When an exhibition contains over 70 pieces of artwork, along with multiple interdisciplinary pieces from four artist groups, one of the strongest challenges is how to order and arrange everything so that it flows, and is engaging to all who experience it.
In the case of LeRoi: Living in Color, Burchfield Penney exhibition curator, Tiffany Gaines, has spent hours studying all the artwork and developing a layout to best serve the various mediums that will be on display. She began by defining my artwork according to the periods in which I created them.
My first is a Geometric Period which spanned the 1980’s-90’s, but had its foundation in my teenage years.
The only real art education I ever received was during a limited time in the 1960’s. That’s when I was enrolled in the Commercial Art and Industrial Design Program at Hutchinson Central Technical High School---Hutch Tech.
The purpose of the course was to focus the students on structure and form. The thing was, I hated structure. I want to be free to create my artwork, not follow a predetermined pattern. That’s why despite a straight “A” average, after one year at Hutch Tech I left the Commercial Art and Design Program and transferred to East High School.

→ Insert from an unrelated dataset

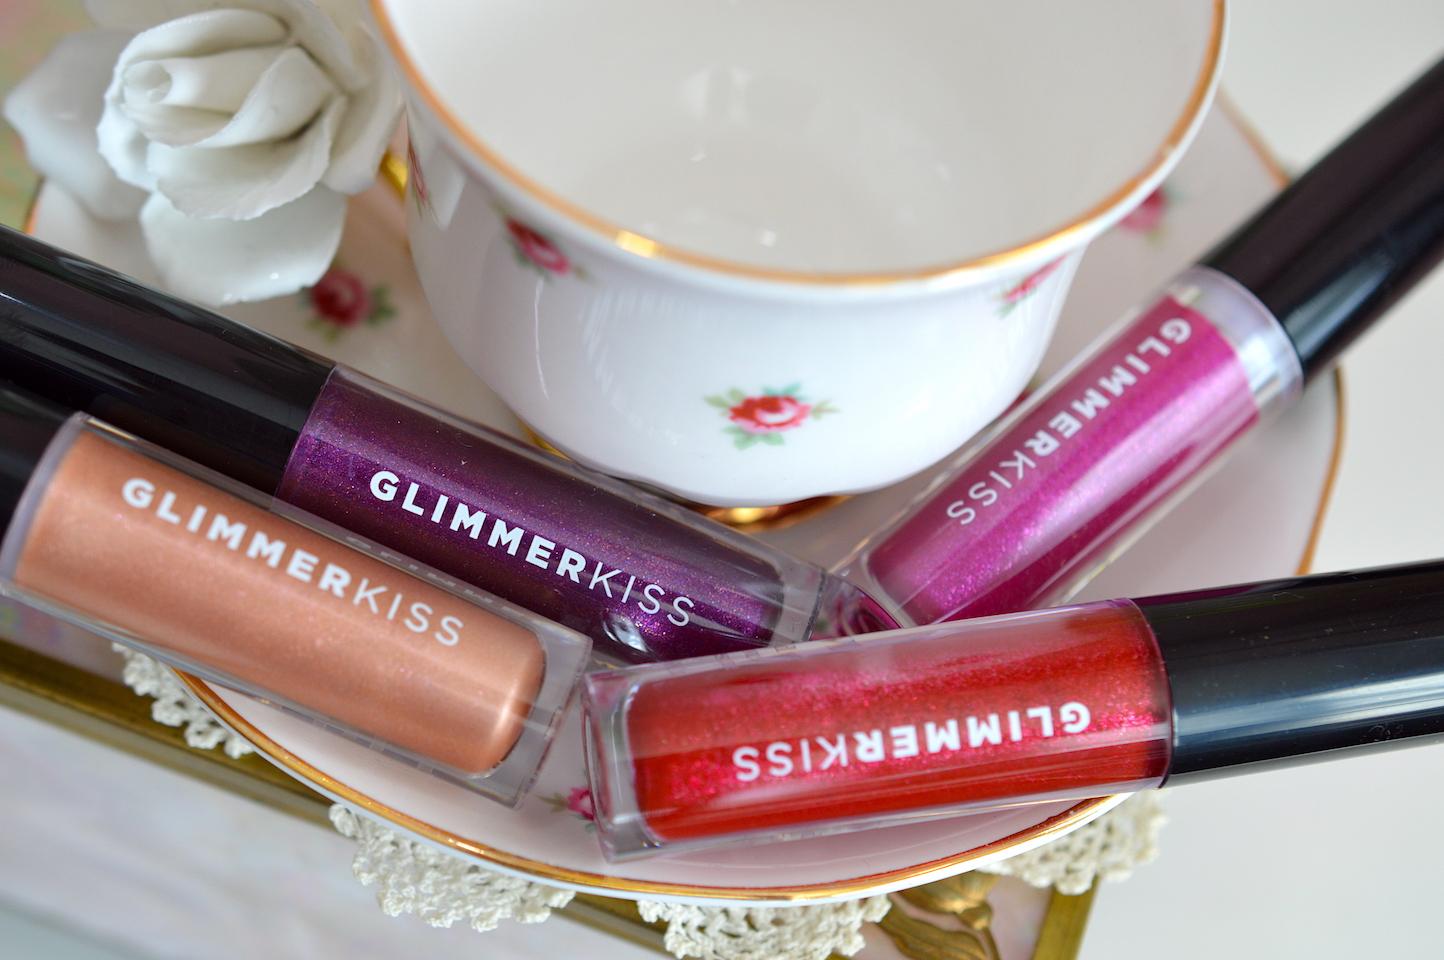 AVON Glimmerkiss Liquid Lipstick

That change challenged me to begin creating large scale unstructured art in the apartment where I was living at the time. I painted random shapes and forms on the walls of my living room, allowing the artwork to envelop the space.
In the bathroom, I splattered paint across the walls and ceiling and had my friends hold me sideways and upside down so I could stamp imprints of my feet up, above, and over. I have no idea how we ever got that done!
As I grew as a person and an artist, I continued to create in ways that I believed were leaving behind all forms of structured art. Looking back,, I now realize that what I was really doing was incorporating the principles of structure I had shunned as a teen into all of my early work.
I needed that foundation of structure, shapes and grids as a guiding force to advance and evolve my artwork, as I envisioned it at that time.
No matter how I tried NOT to focus on structured styles, my first artist’s period became all about geometric shapes and forms. This image of my artwork from that period is titled, GeometricNot.
LEROI: Living in Color Exhibition includes the work of students from Buffalo Center for Arts and Technology (BCAT,) Buffalo Public Schools (BPS,) Just Buffalo Literary Center (JBLC,) and Squeaky Wheel Film & Media Art Center. The exhibition will be on view at the Burchfield Penney Art Center through March 26, 2023, presented by M&T Bank, with additional support from organizations and individuals throughout the Western New York community.